A manufacturer measures battery discharge time (hours) before and after a firmware update on the same devices.

Inputs: Expected mean improvement = 1.2 hours, SD of differences = 2.0 hours, α = 0.05 (two-sided), power = 80%.
Result: n = 24 devices.
Interpretation: Testing 24 devices before and after the update is sufficient to detect a 1.2-hour improvement with 80% power.

Social Science

A psychologist measures reaction time (ms) before and after a mindfulness intervention.

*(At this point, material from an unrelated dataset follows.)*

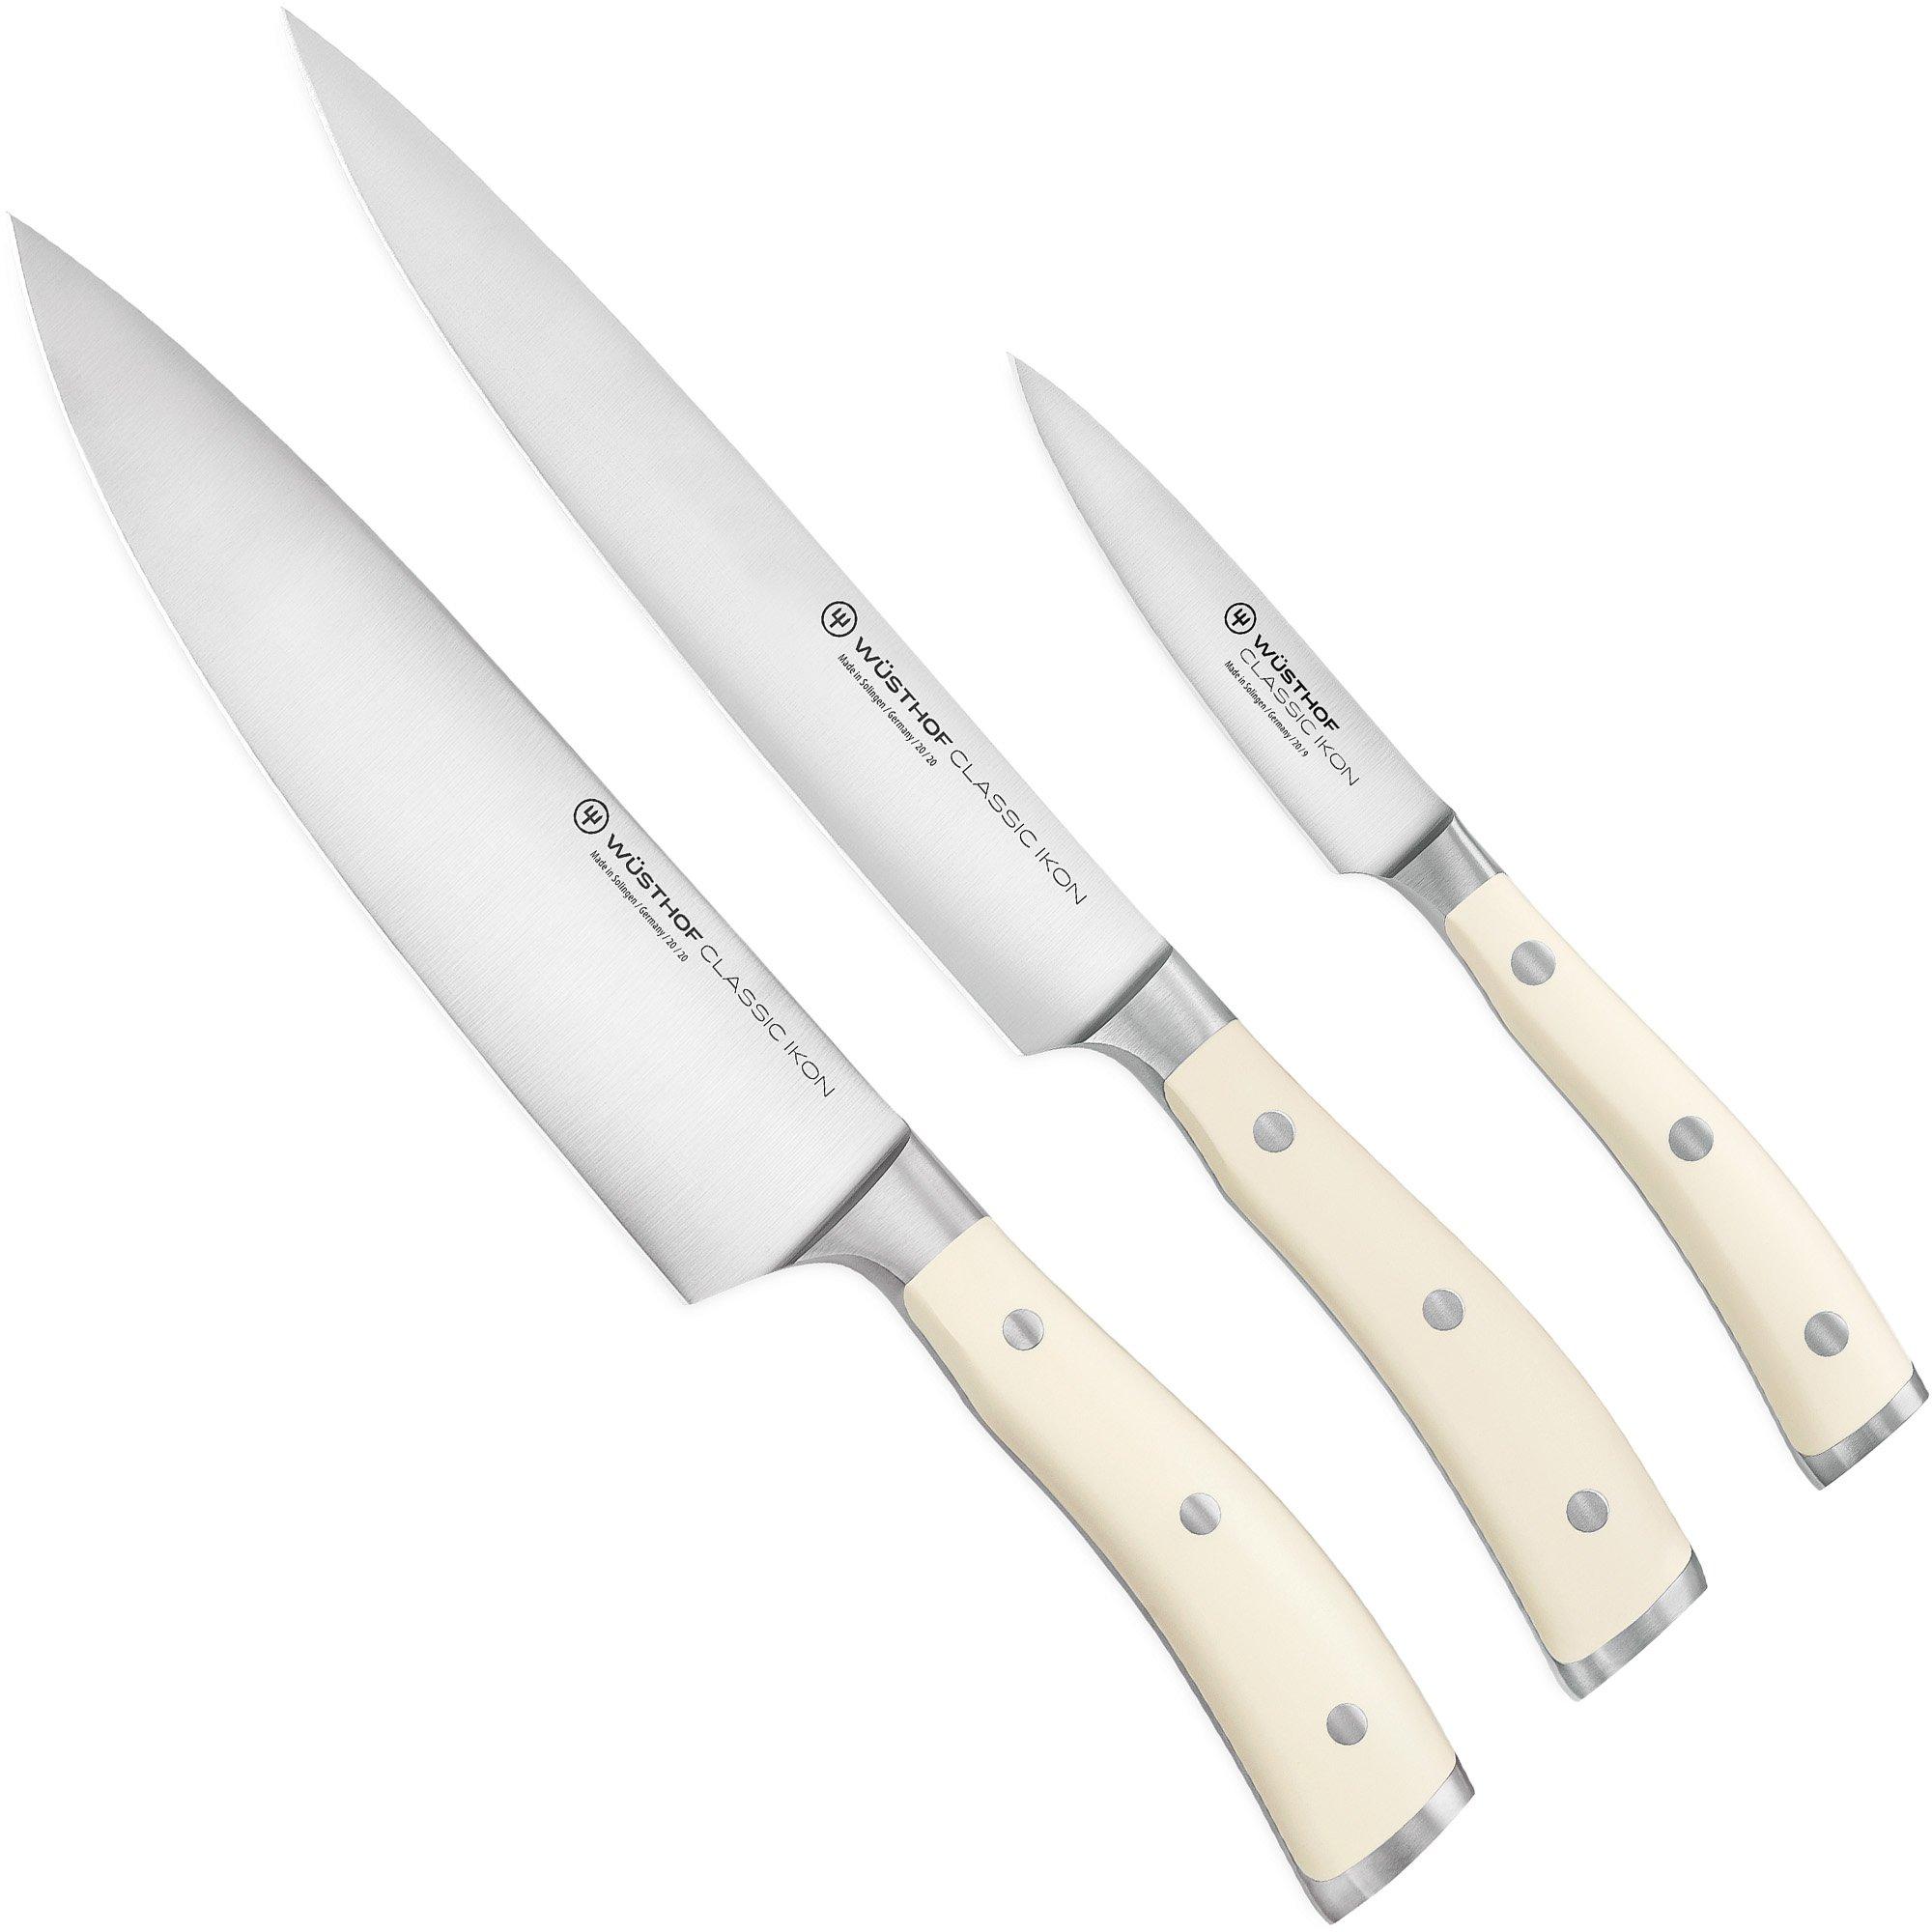 Wusthof Classic Ikon couteau à saucisson professionnel

Inputs: Expected mean reduction = 15 ms, SD of differences = 30 ms, α = 0.05 (two-sided), power = 80%.
Result: n = 34 participants.
Interpretation: Recording reaction times from 34 participants at both sessions provides 80% power for the paired comparison.

References

  1. Cohen, J. (1988). Statistical Power Analysis for the Behavioral Sciences (2nd ed.). Lawrence Erlbaum Associates., Chapter 2: the t-test for means.
  2. Chow, S.-C., Shao, J., Wang, H., & Lokhnygina, Y. (2018). Sample Size Calculations in Clinical Research (3rd ed.). Chapman & Hall/CRC., Chapter 4: paired designs.
  3. Machin, D., Campbell, M. J., Tan, S. B., & Tan, S. H. (2009). Sample Size Tables for Clinical Studies (3rd ed.). Wiley-Blackwell.
  4. Rosner, B. (2016). Fundamentals of Biostatistics (8th ed.). Cengage Learning., Section 8.5: sample size for paired t-test.